First things first – sick update. I am now allowed to workout, kind of. Basically i’m allowed to mall walk. So if anyone feels the hankering to throw on a pair of SAS shoes and make a few laps past the Orange Julius and Spencer’s Gifts then please join me.
Some of you may have seen my status update titled: “nothing quite beats tripping & falling on your face on your way into work like doing it while holding a crockpot of buffalo chicken dip”. What you didn’t see before that was my excitement to wear high heels since I haven’t since I’ve been sick and my near trip right before that where I was able to catch myself and laughed thinking how embarassing it would be if I actually did fall. Then later in the day with all of my grace my high heel once again got caught in my pant leg and I fell for a third time, in the vestibule of my office building. I’m sure there is fantastic security footage.
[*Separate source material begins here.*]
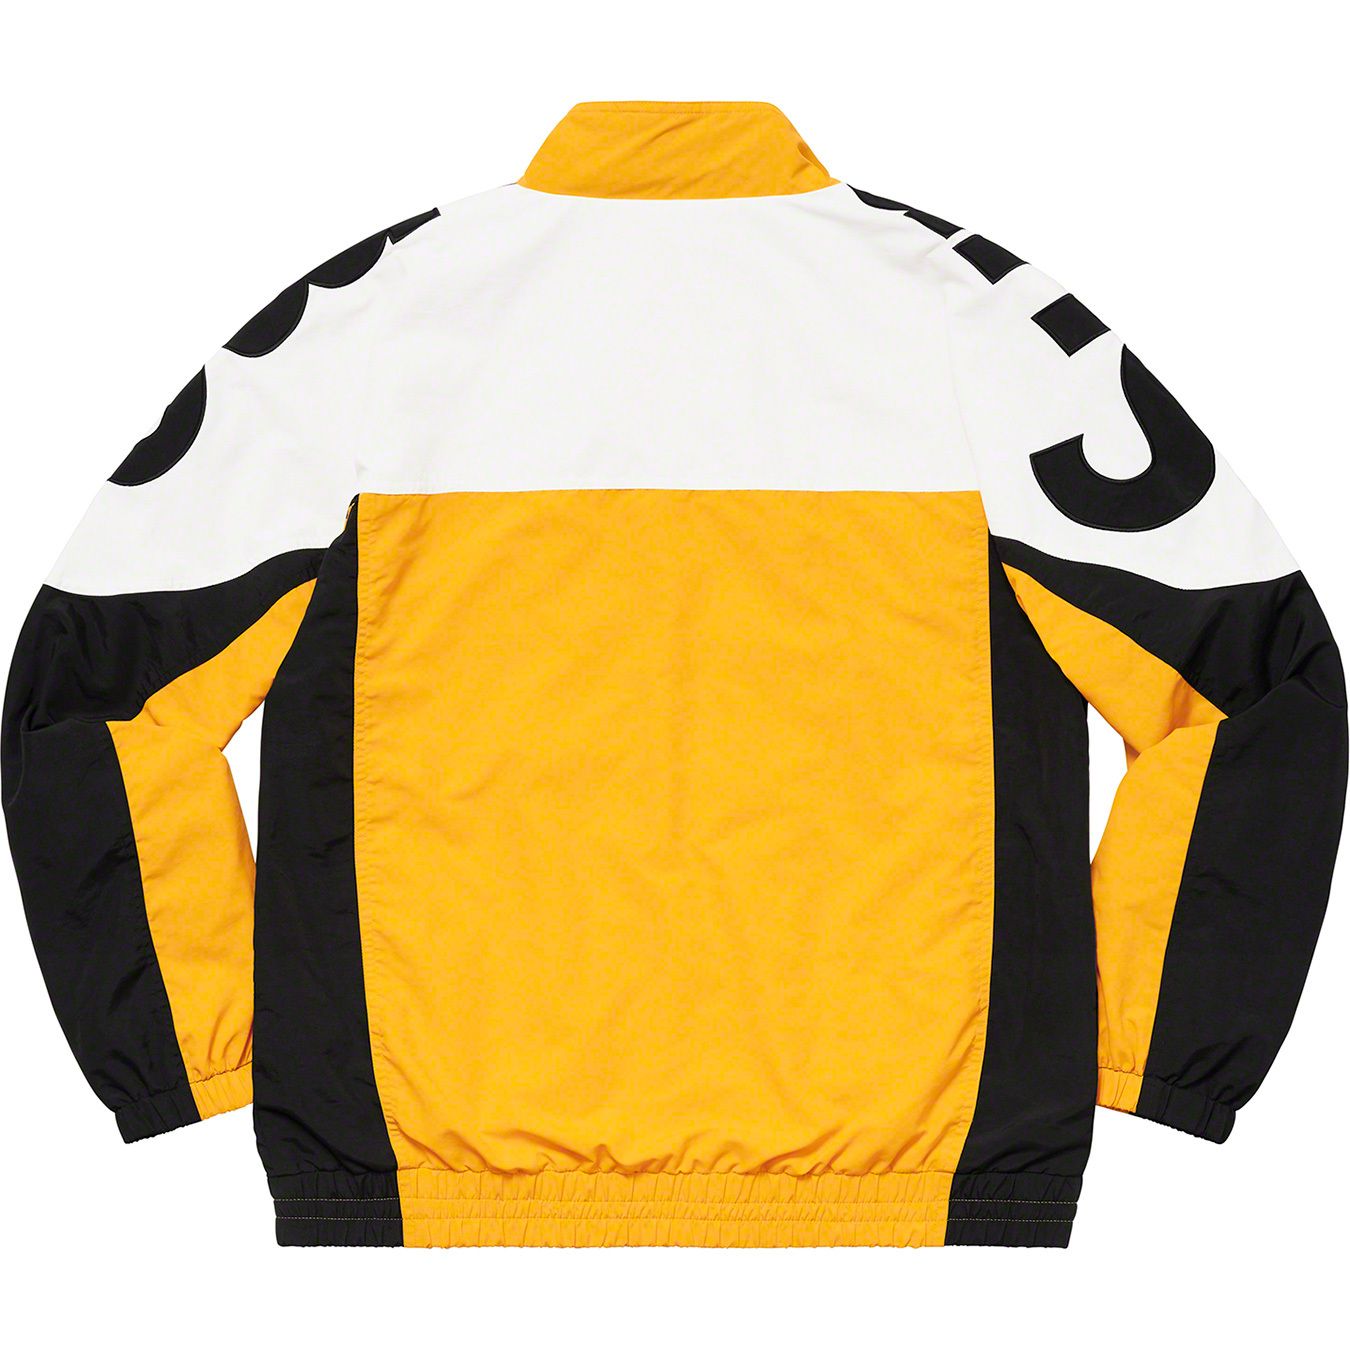 supreme track jacketshoulder logo L gold

I don’t know when I became so clumsy. I was always able to run without falling – that is until I started trail running. Every few minutes or so on the trail the sun would shine through a spot in the trees that would blind me and then my foot would find the most perfect root to trip on – I’d usually go down pretty fast on what can only be described as jagged fricking rocks that bite. Miraculously during a 50 mile trail ultramarathon through the Mark Twain National Forest (to the locals its known as the Samuel Clemens Nat’l Forest) I fell only once. I made up for it when I promptly tried to cleanse the wounds with anti-bacterial hand sanitizer (read: alcohol on open wounds).
One would think that I should refrain from mobile activities before I put myself completely out of commission – but I proved a crowd wrong this past Thanksgiving.
Scene: kitchen at my sister “Ndrea”s house.
My sister’s kitchen is nice and open and tiled, which proved to be the best dance floor ever (you can’t tell in the tone of my writing but that “ever” was actually sung and a little bit drawn out). Her friend “Ancy” was the perfect ballerina performing pirouette after pirouette, kids slid across in their socks while trying to moonwalk, and I managed a good shuffle-ball-change and the robot. It was like this for the entire weekend of whimsy and turkey and thanks. The evening of Thanksgiving after all had died down and all nine kids were in bed the adults (that includes me) started to prepare for board games. A part of that preparation was eating the best food in the world – chips and dips. We stood around the kitchen counter to partake of the goods when all of a sudden, out of nowhere, my feet slipped right out from under me. I found myself laying on my back, looking up at the ceiling and a few faces, holding my inured elbow (it beautifully slammed into the counter during my voyage to the cold tile) and tears of laughter began to gush out. Once everyone was able to regain compsure from their own fits of laughter they asked what happened. There was no reason, no to to trip on, no one pushed me, I just plain old fell.